(Task to complete):
Every line below from the one with "Oceanic Group" through the one with "Maje Pink Asymmetric Riviera Dress" is to be repeated exactly, with no picture among them.

##### Given data #####

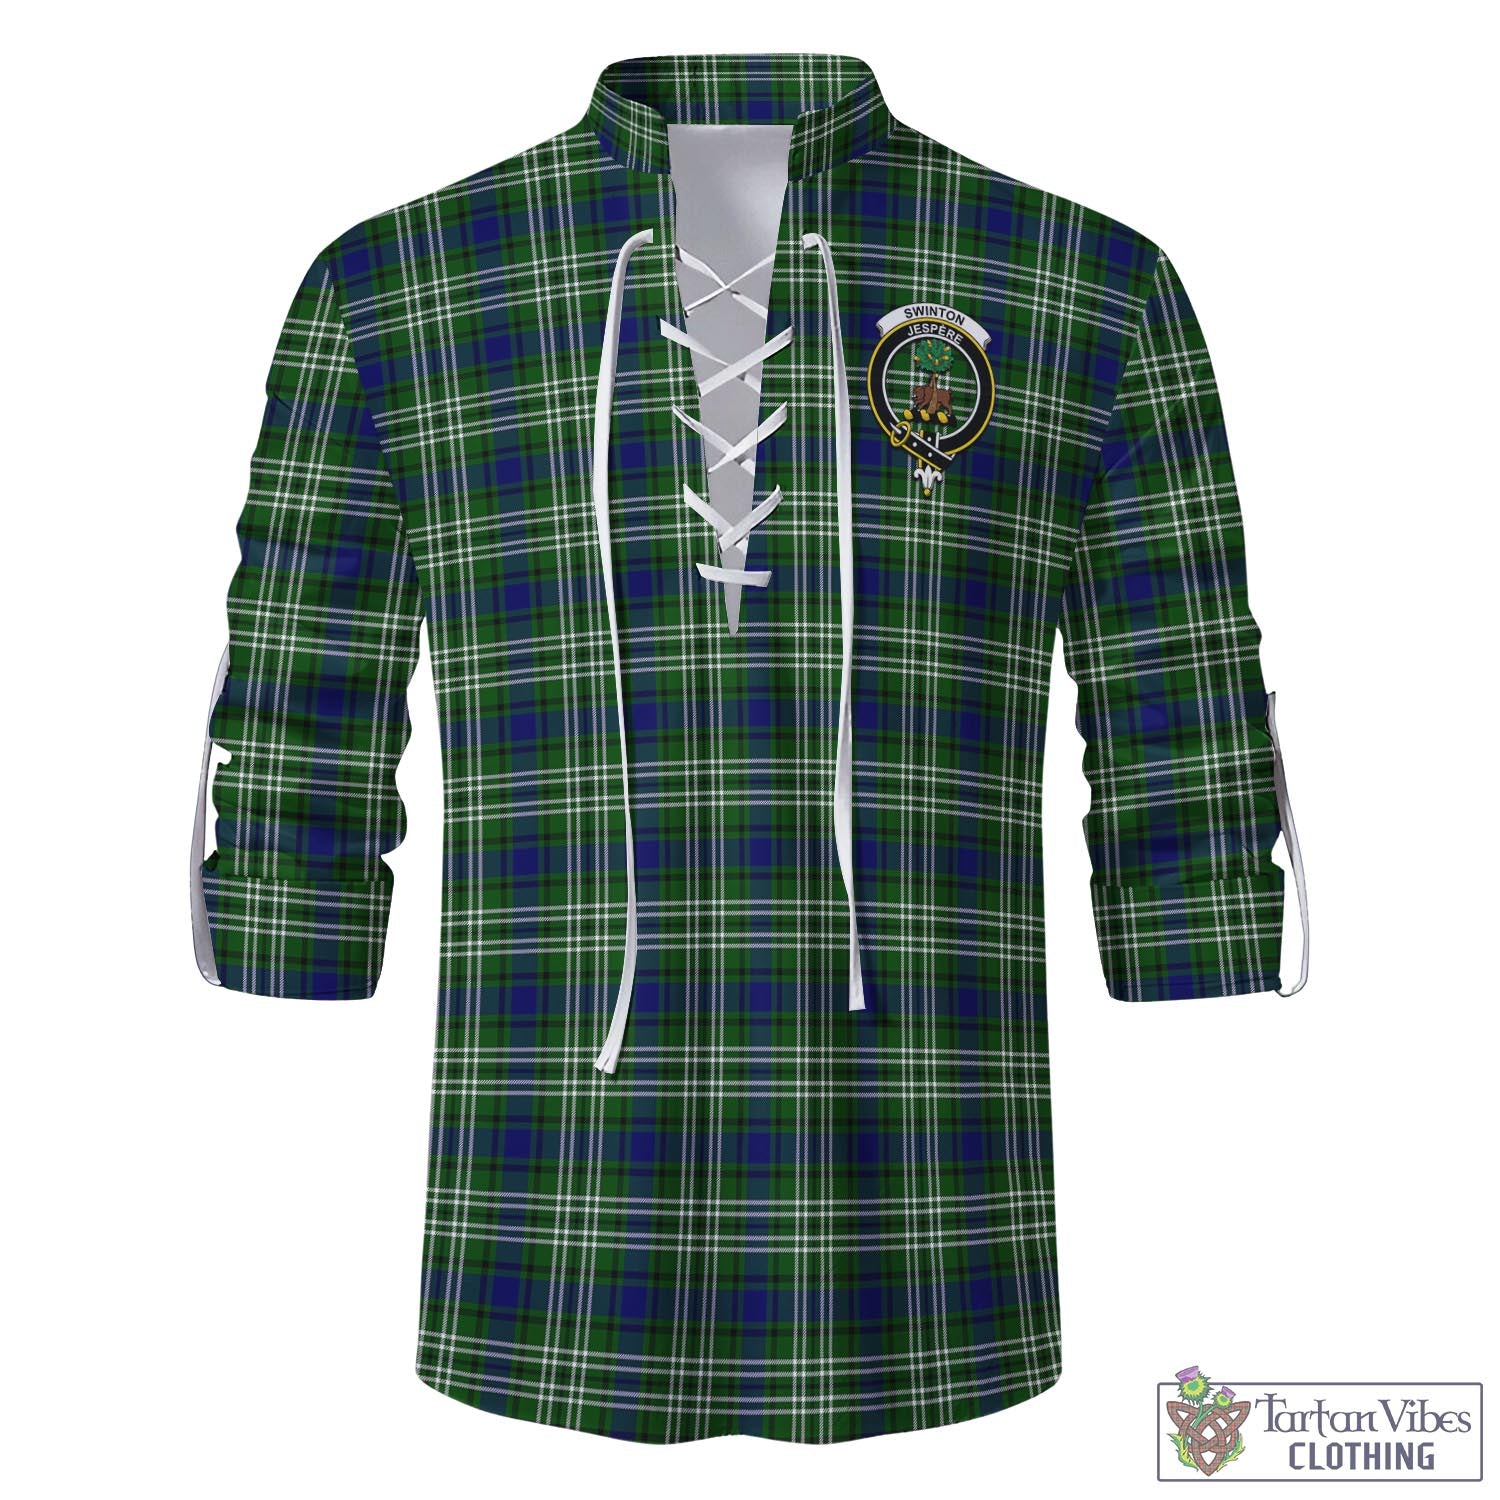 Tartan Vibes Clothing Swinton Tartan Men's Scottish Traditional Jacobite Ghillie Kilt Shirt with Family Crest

#####
##### Given data #####

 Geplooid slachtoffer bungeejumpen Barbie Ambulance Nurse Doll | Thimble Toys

#####
##### Given data #####

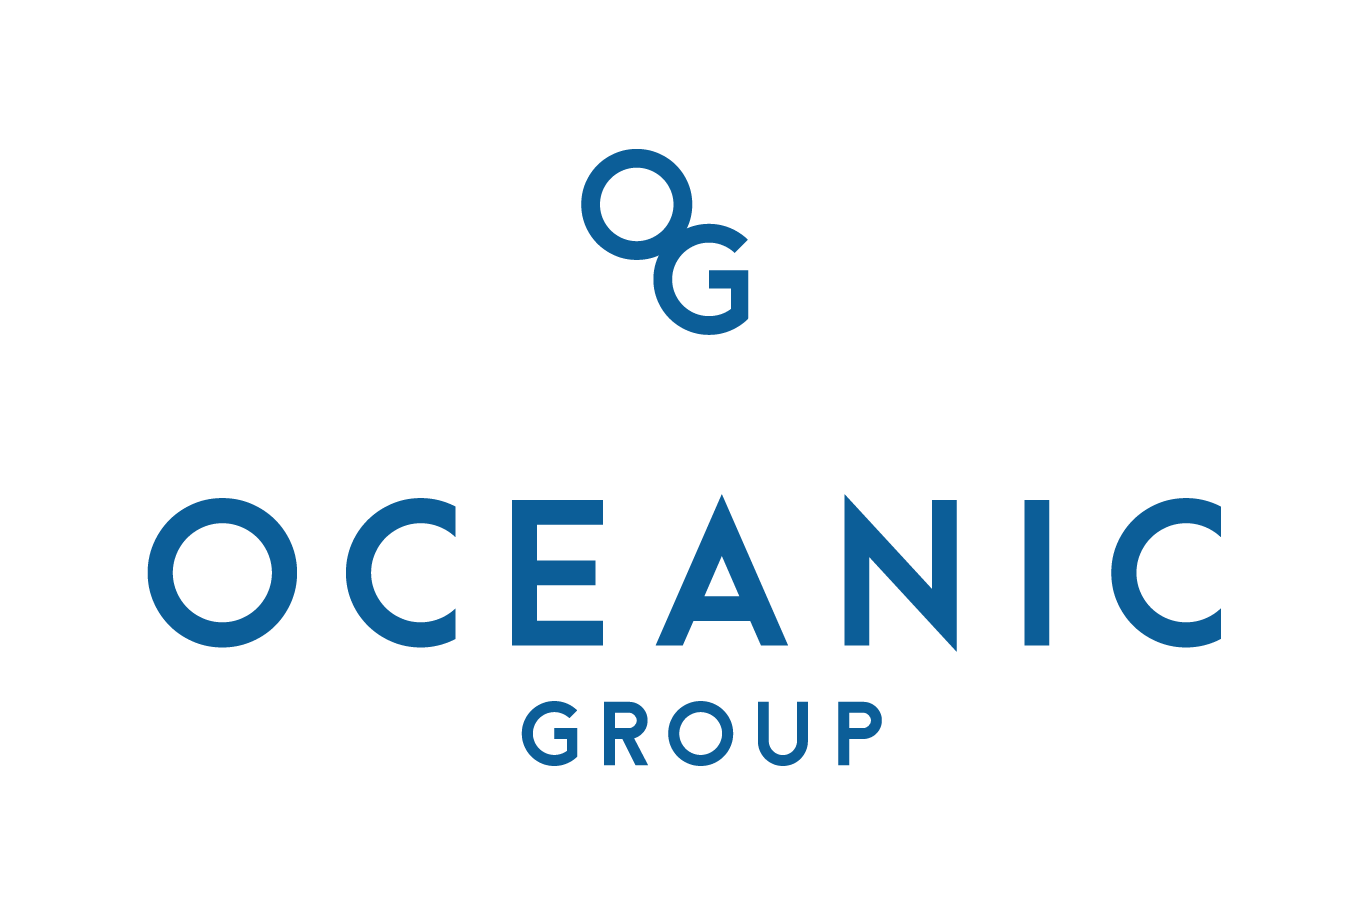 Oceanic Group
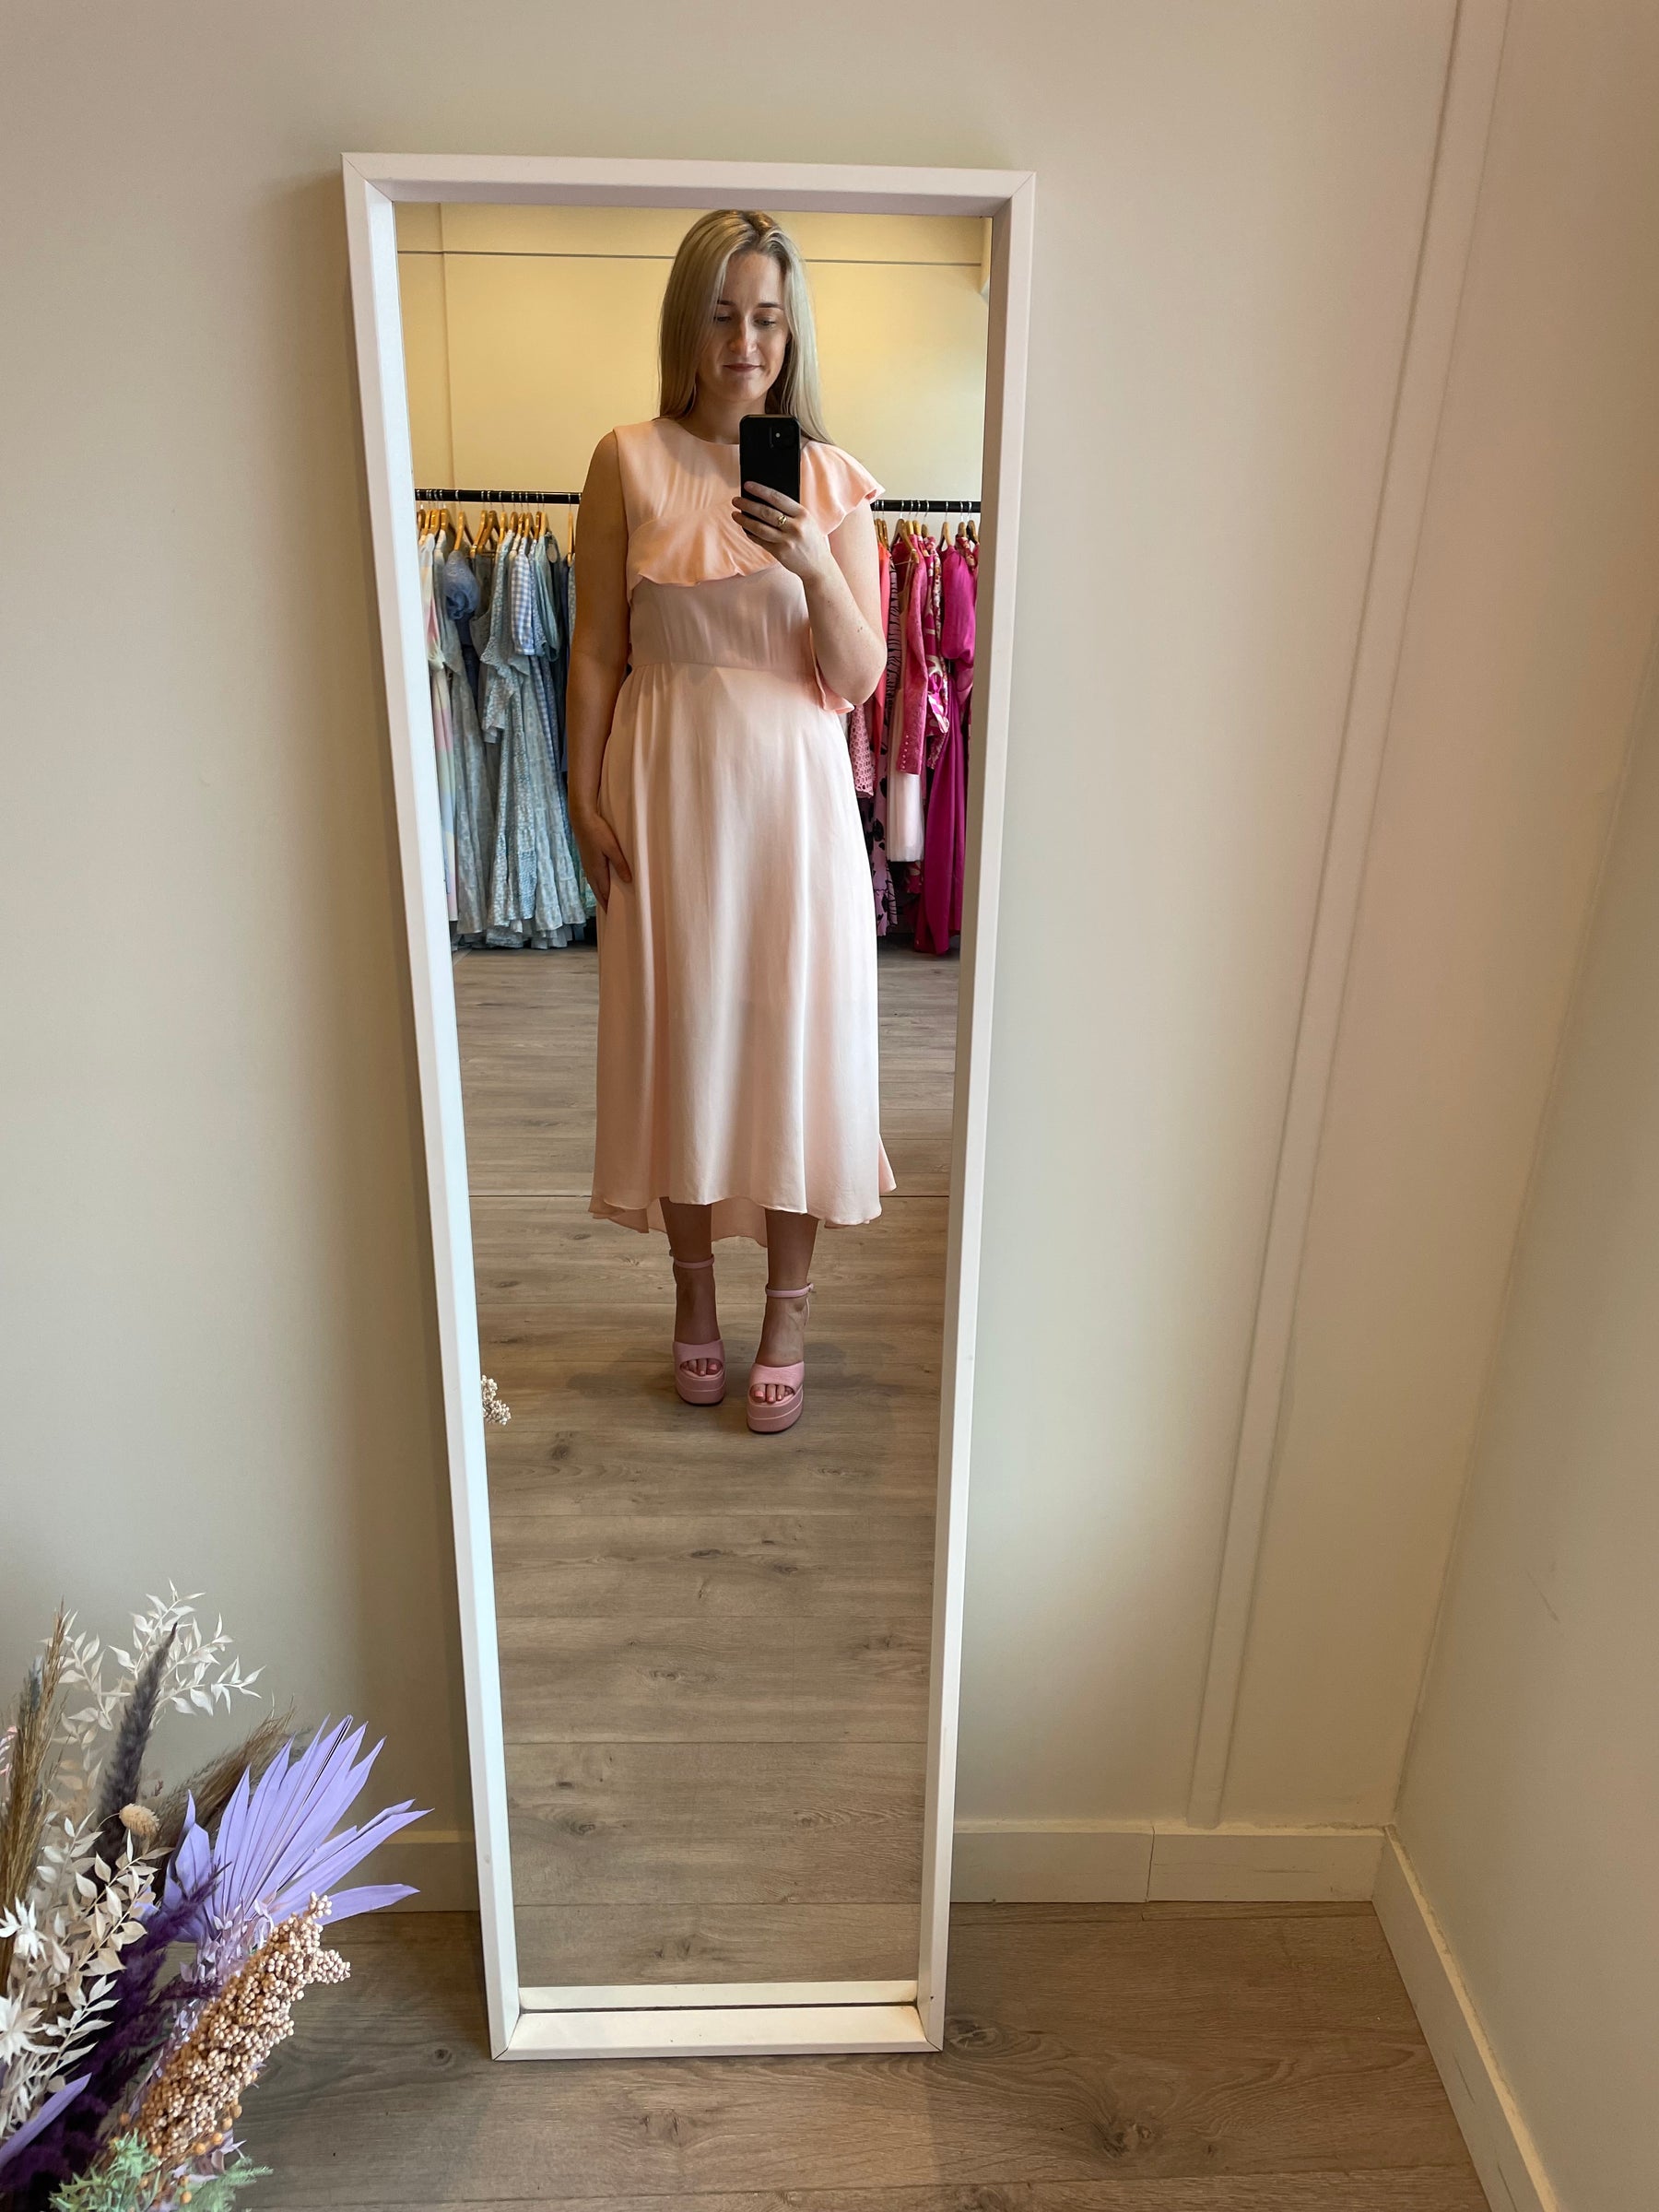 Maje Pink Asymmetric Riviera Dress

#####

(Answer to the exercise):
 Oceanic Group
 Maje Pink Asymmetric Riviera Dress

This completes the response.